Ranulfo Miranda

Personal information
- Full name: Ranulfo Miranda Fleitas
- Date of birth: 27 May 1927
- Place of birth: Areguá, Paraguay
- Date of death: 19 April 2017 (aged 89)
- Position: Forward

Senior career*
- Years: Team / Apps / (Gls)
- 1942–1946: Sudamérica de Paraguarí
- 1946–1949: Club Guaraní
- 1950: América de Cali
- Once Caldas

International career
- 1947: Paraguay / 4 / (0)

Managerial career
- 1979–1980: Paraguay
- 1983: Club Nacional
- 1985: CSD Comunicaciones
- Club Cerro Porteño
- Club Rubio Ñu
- Club Atlético Tembetary
- Alianza FC (El Salvador)
- Club Jorge Wilstermann
- Deportivo Pereira
- LDU Quito
- C.D. Olmedo
- CSD Macará

= Ranulfo Miranda =

Paraguayan footballer (1927–2017)

Ranulfo Miranda Fleitas (27 May 1927 – 19 April 2017) was a Paraguayan association football player. A forward, he made four appearances for the Paraguay national team. After retiring as a player, he became a football manager. As manager of Paraguay, he led the national team to victory in the 1979 Copa América, securing the country's second continental title and its first since 1953.

== Club career ==
Ranulfo Miranda began his career in 1942 before joining Club Guaraní in 1946. As captain, he led the club to the Paraguayan league title in 1949 and finished as the team's leading goalscorer. In 1950 he moved to Colombia, where he played first for América de Cali and later for Once Caldas.

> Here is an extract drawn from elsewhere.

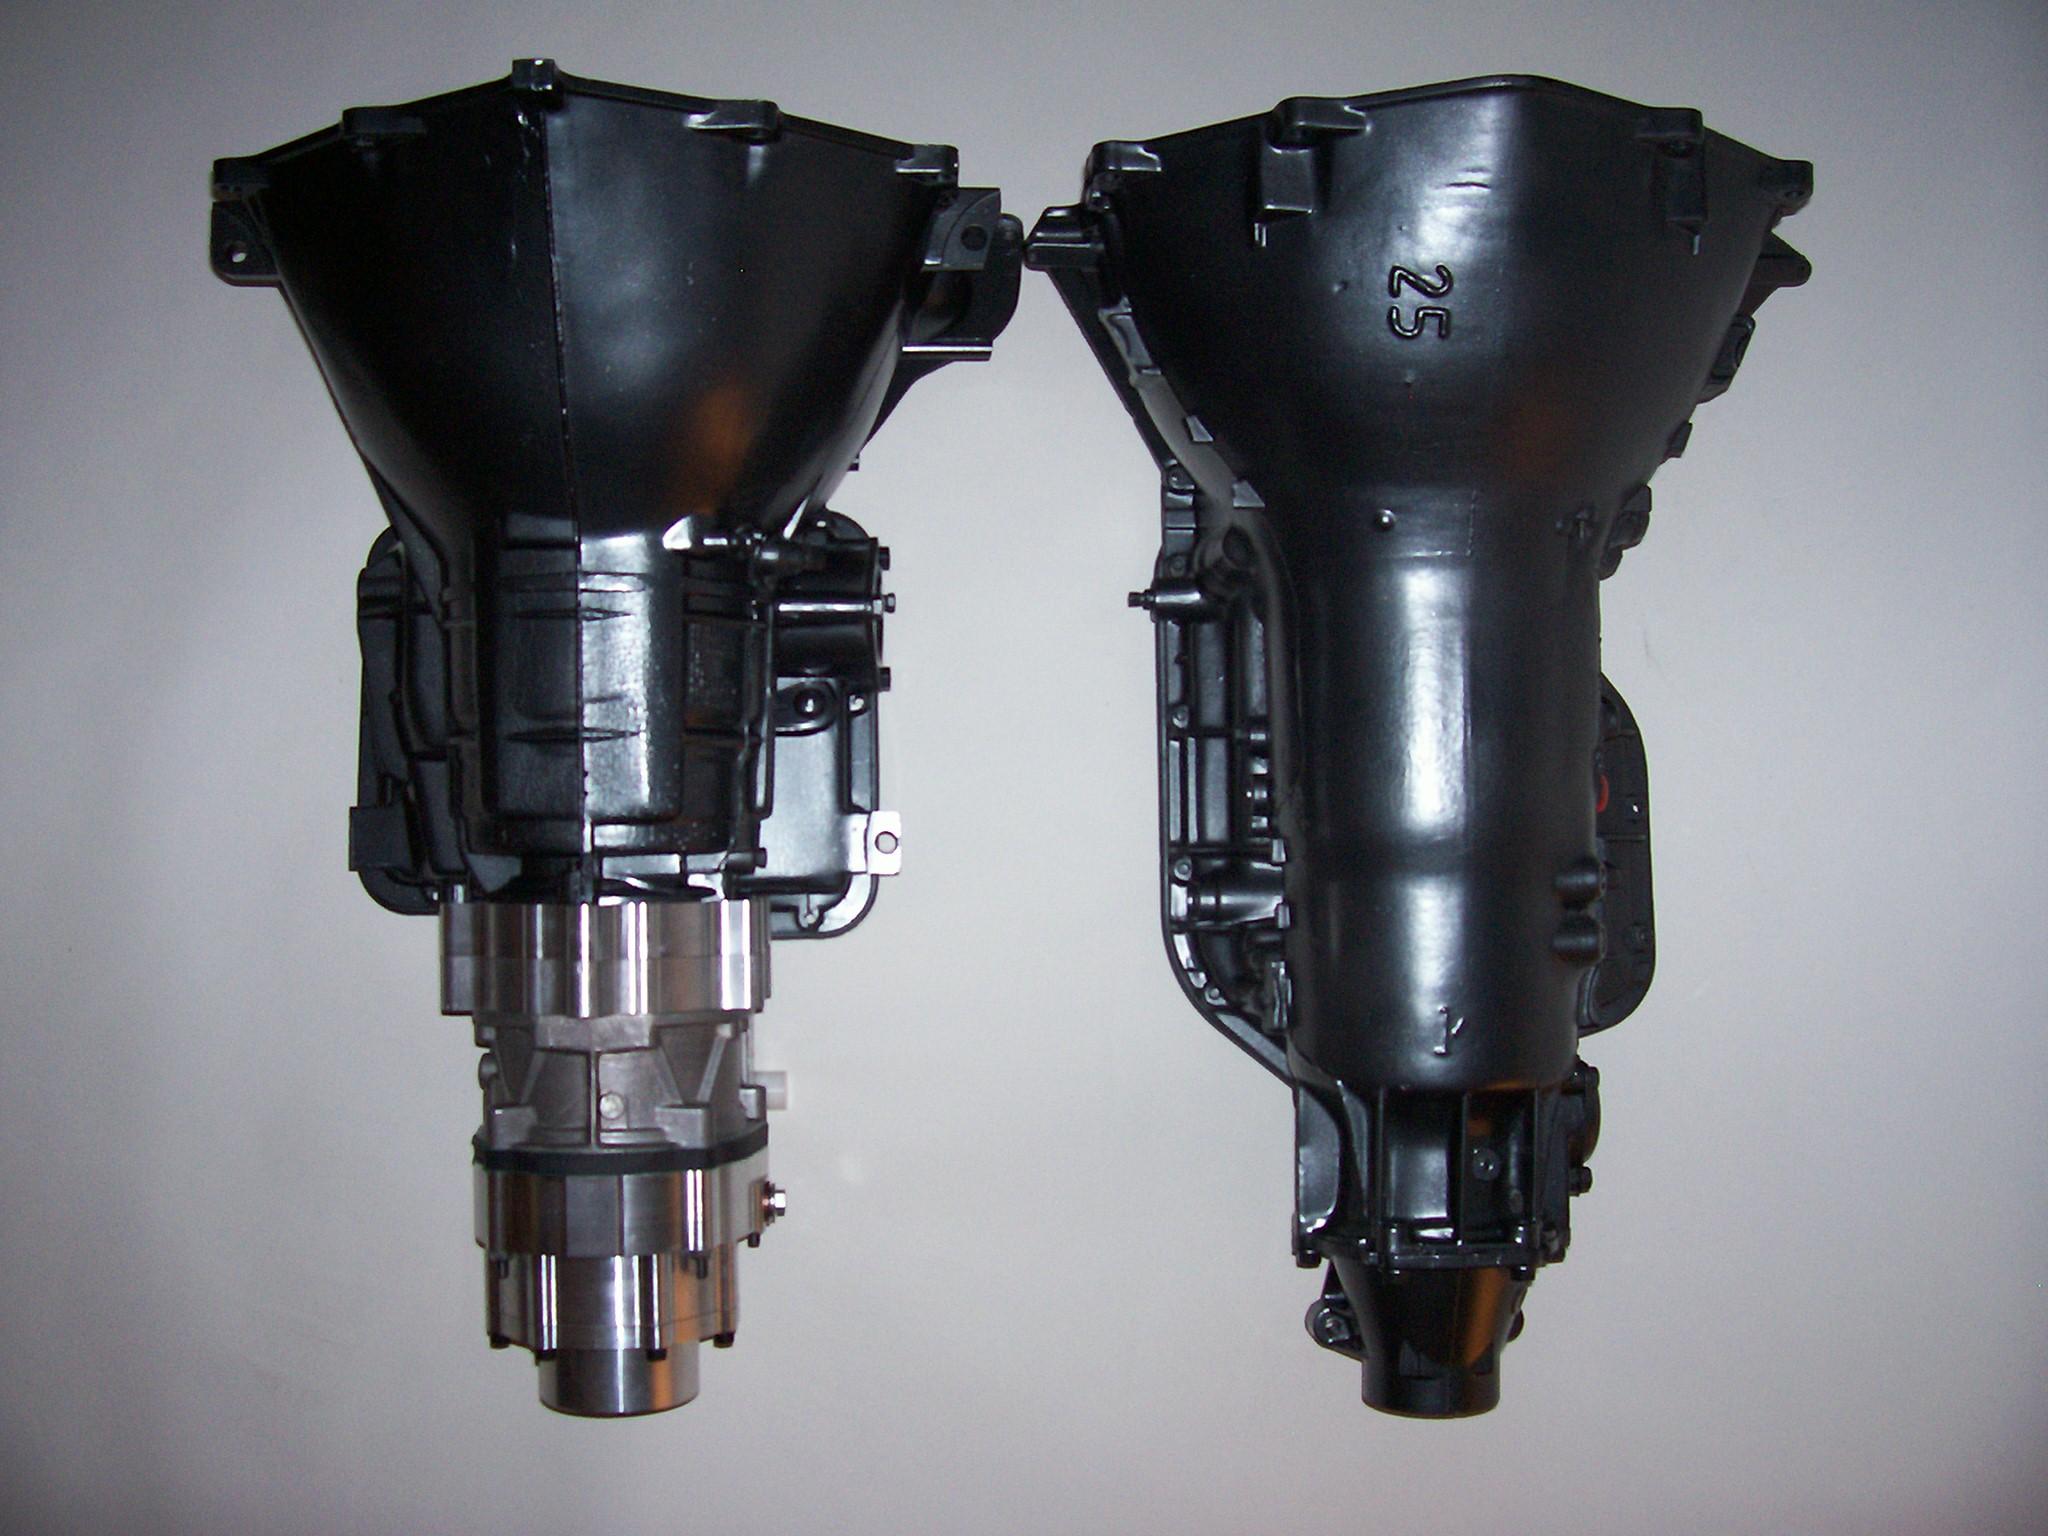 Gm 4l80e Transmission Wiring Overdrive Gearsplitter S Blog

== International career ==
Miranda represented Paraguay at the 1947 South American Championship, appearing in four of the team's seven matches. Paraguay finished runners-up after recording five wins, one draw and one defeat. He was unable to participate in the 1953 South American Championship because his Colombian club refused to release him for international duty. At the time, there were no regulations requiring clubs to release players for international matches, nor were compensation payments made by the national association.As a result, he did not take part in the competition in Peru, where Paraguay won its first South American title.

== Managerial career ==
Miranda managed the Paraguay national team from 1979 to 1980 and guided the side to victory in the 1979 Copa América. The triumph secured Paraguay's second South American championship, following their first title in 1953.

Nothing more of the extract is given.